Reproduce the listing below exactly, except for its pictures.

##### The data

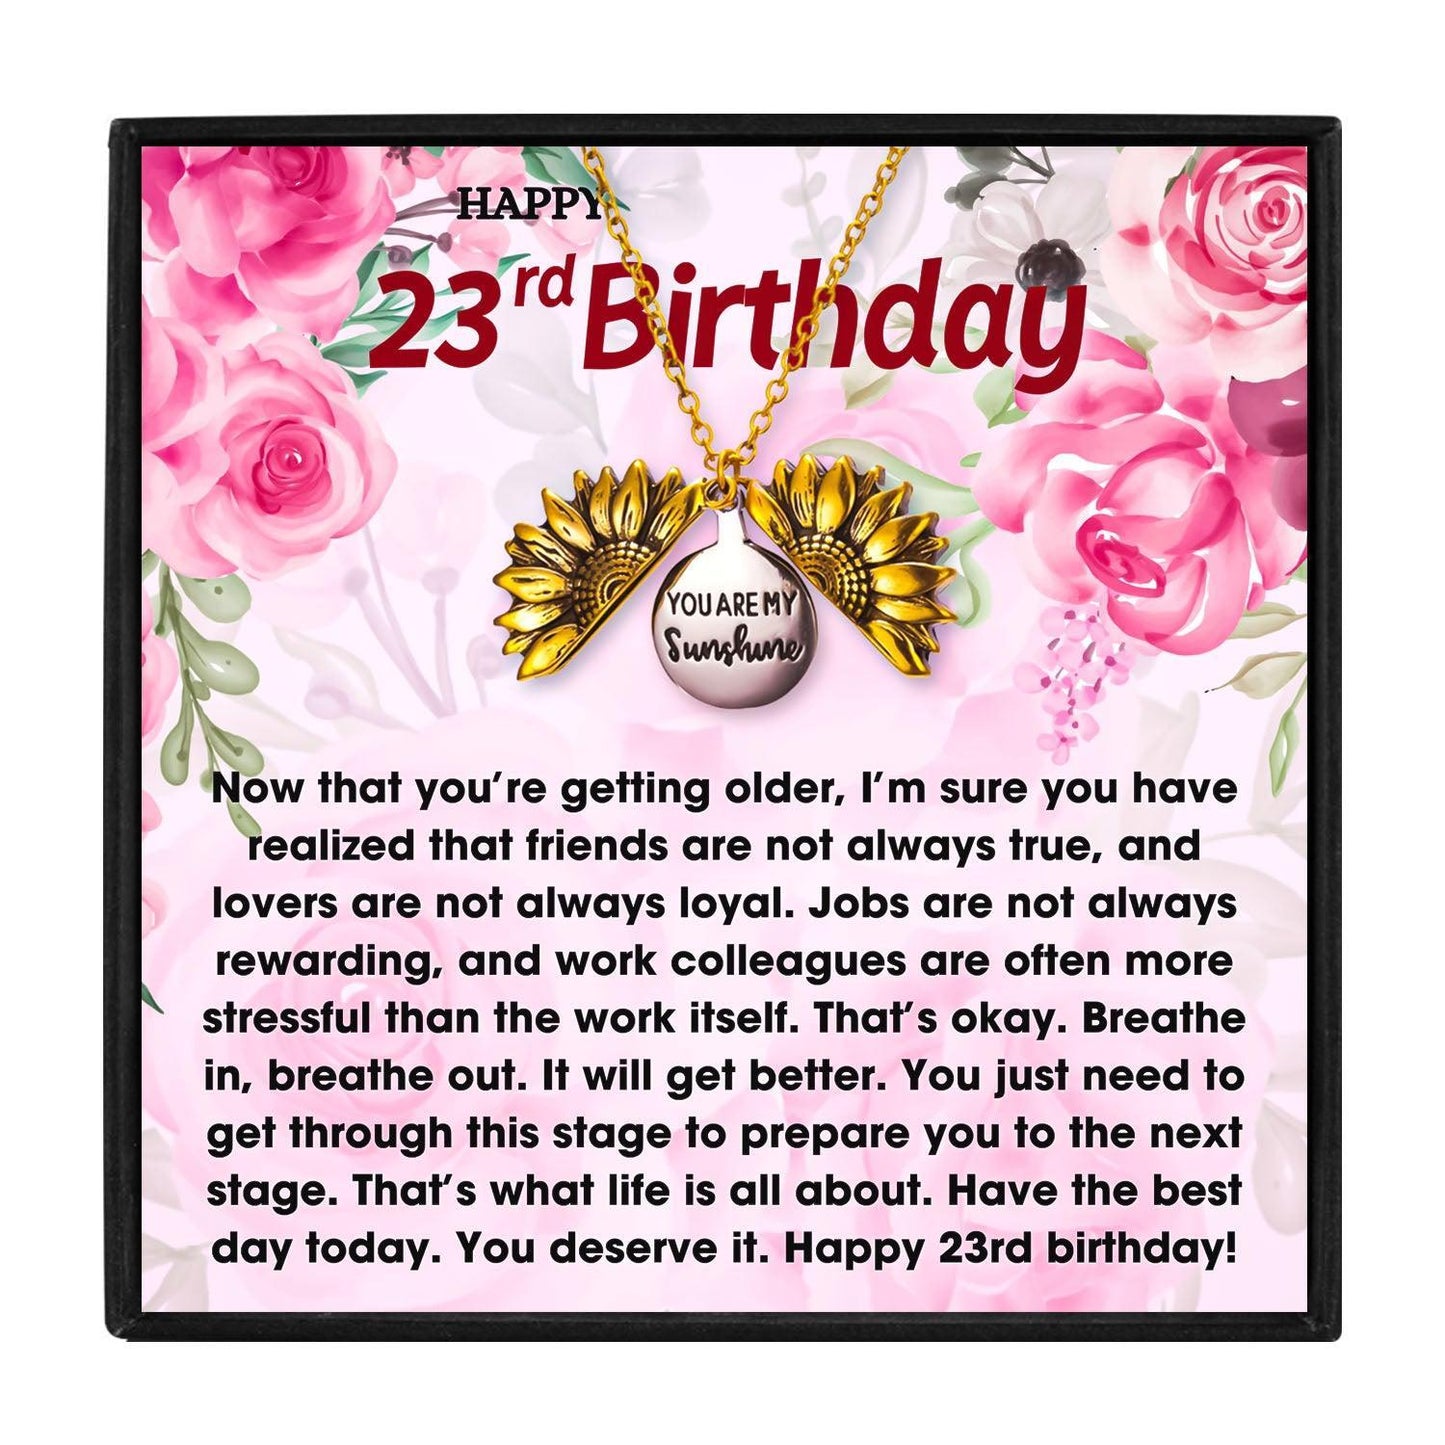 23rd Birthday Gifts Ideas for Girls and Women in 2023 | 23rd Birthday Gifts Ideas for Girls and Women - undefined | 23 birthday gift, 23rd birthday gift ideas, 23rd birthday ideas for her | From Hunny Life | hunnylife.com
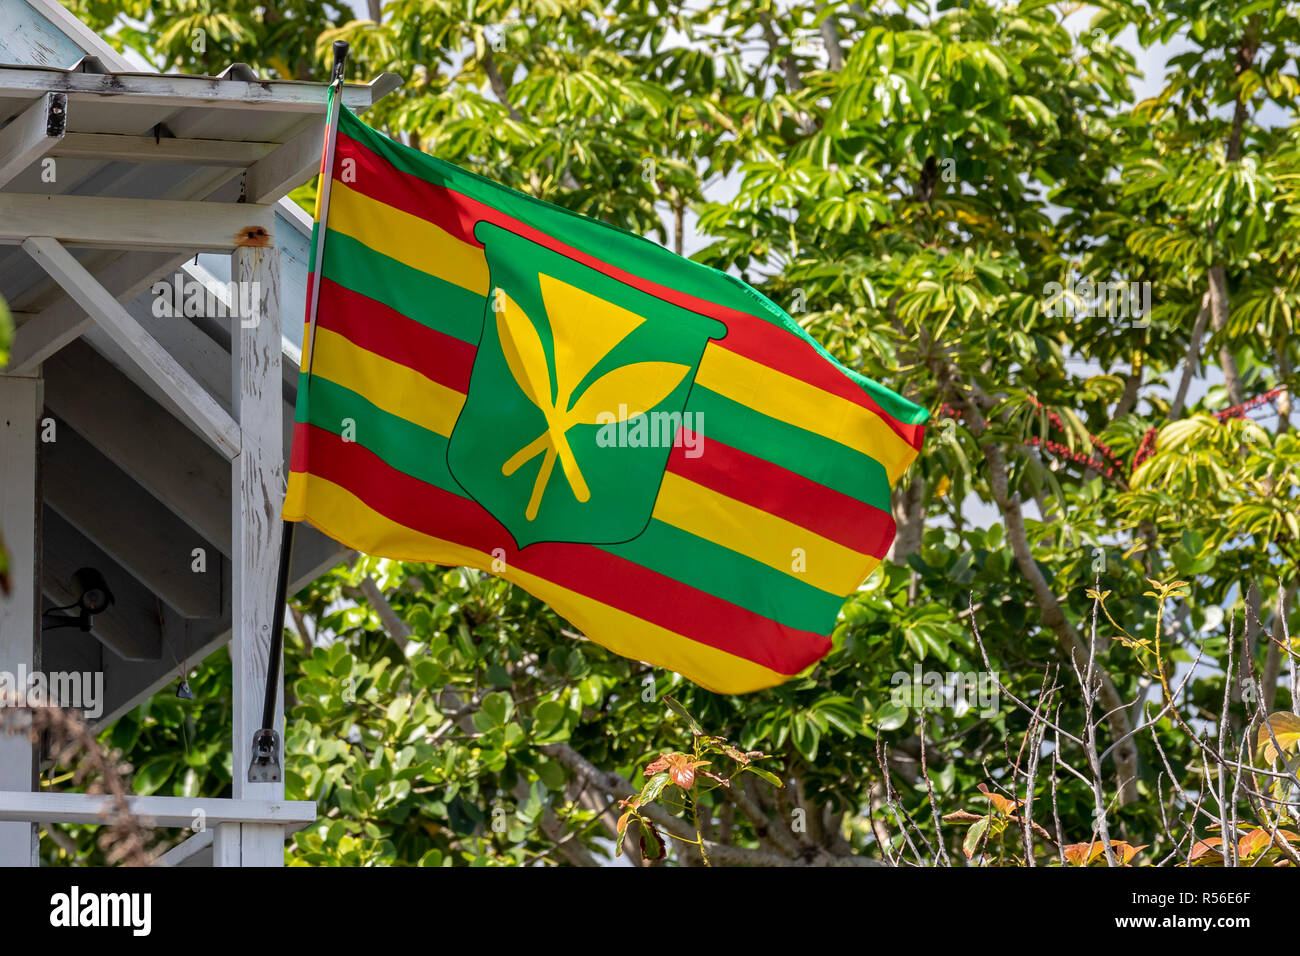 Kehena, Hawaii - The Kanaka Maoli, or Native Hawaiian, flag flying from a house in the Puna District of the Big Island. The flag is popular with those Stock Photo
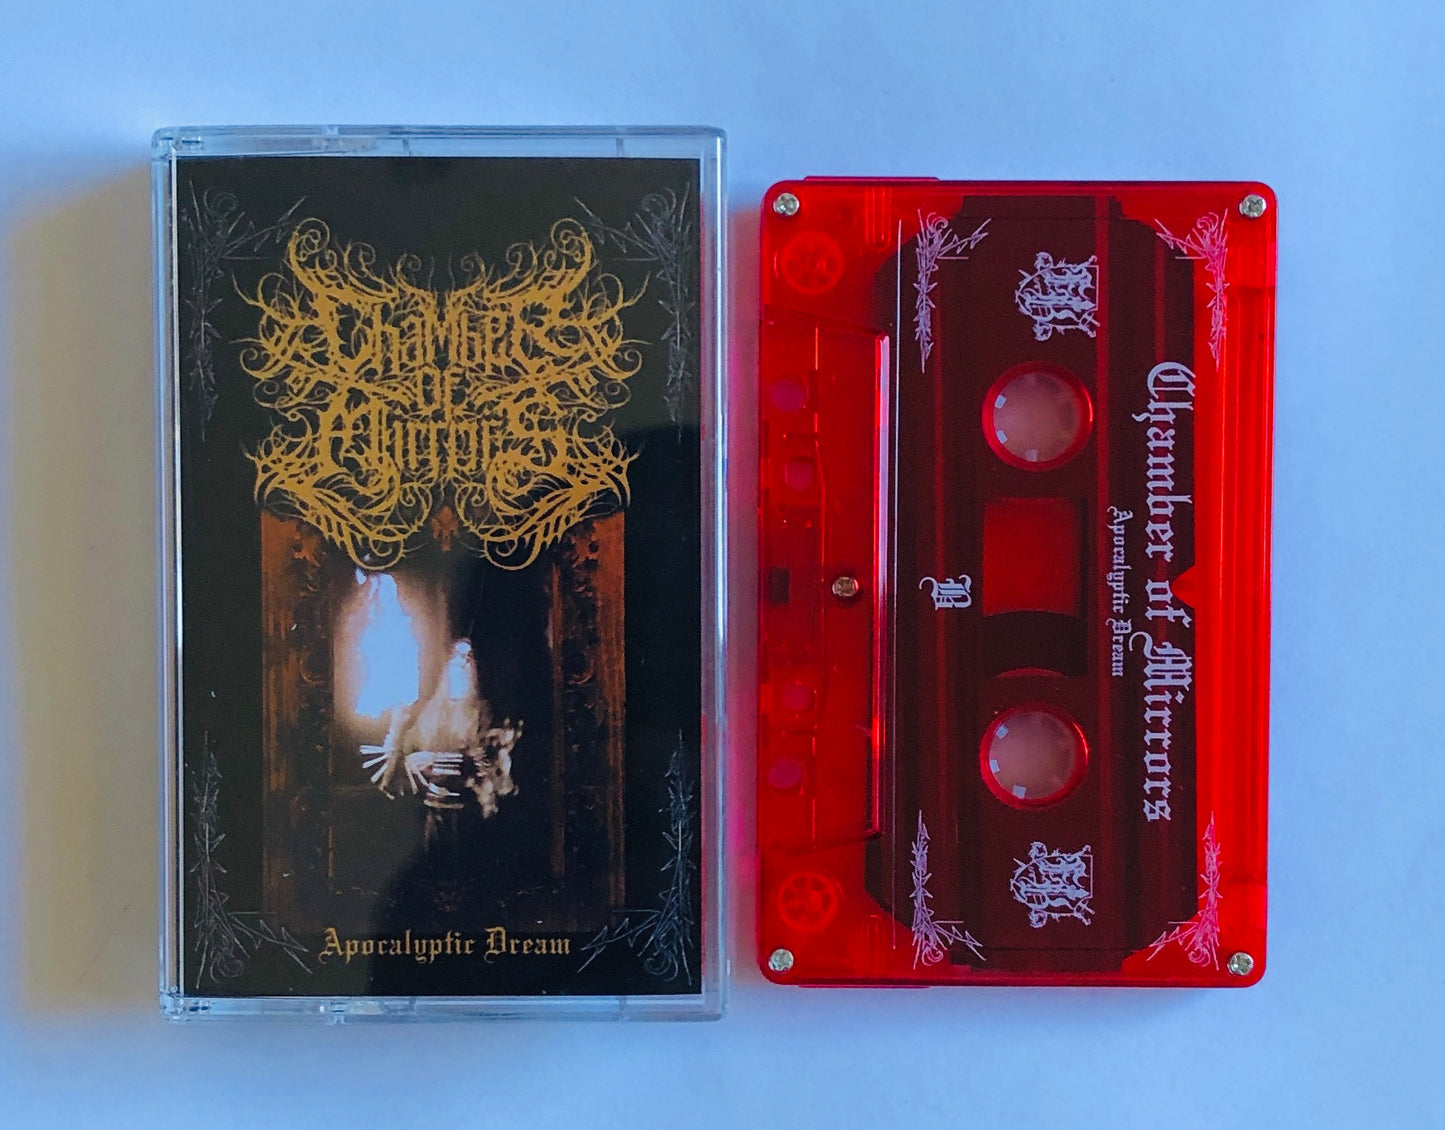 Chamber of Mirrors (US) "Apocalyptic Dream" - Pro Tape

##########

Result of the exercise:
 23rd Birthday Gifts Ideas for Girls and Women in 2023 | 23rd Birthday Gifts Ideas for Girls and Women - undefined | 23 birthday gift, 23rd birthday gift ideas, 23rd birthday ideas for her | From Hunny Life | hunnylife.com
 Kehena, Hawaii - The Kanaka Maoli, or Native Hawaiian, flag flying from a house in the Puna District of the Big Island. The flag is popular with those Stock Photo
 Chamber of Mirrors (US) "Apocalyptic Dream" - Pro Tape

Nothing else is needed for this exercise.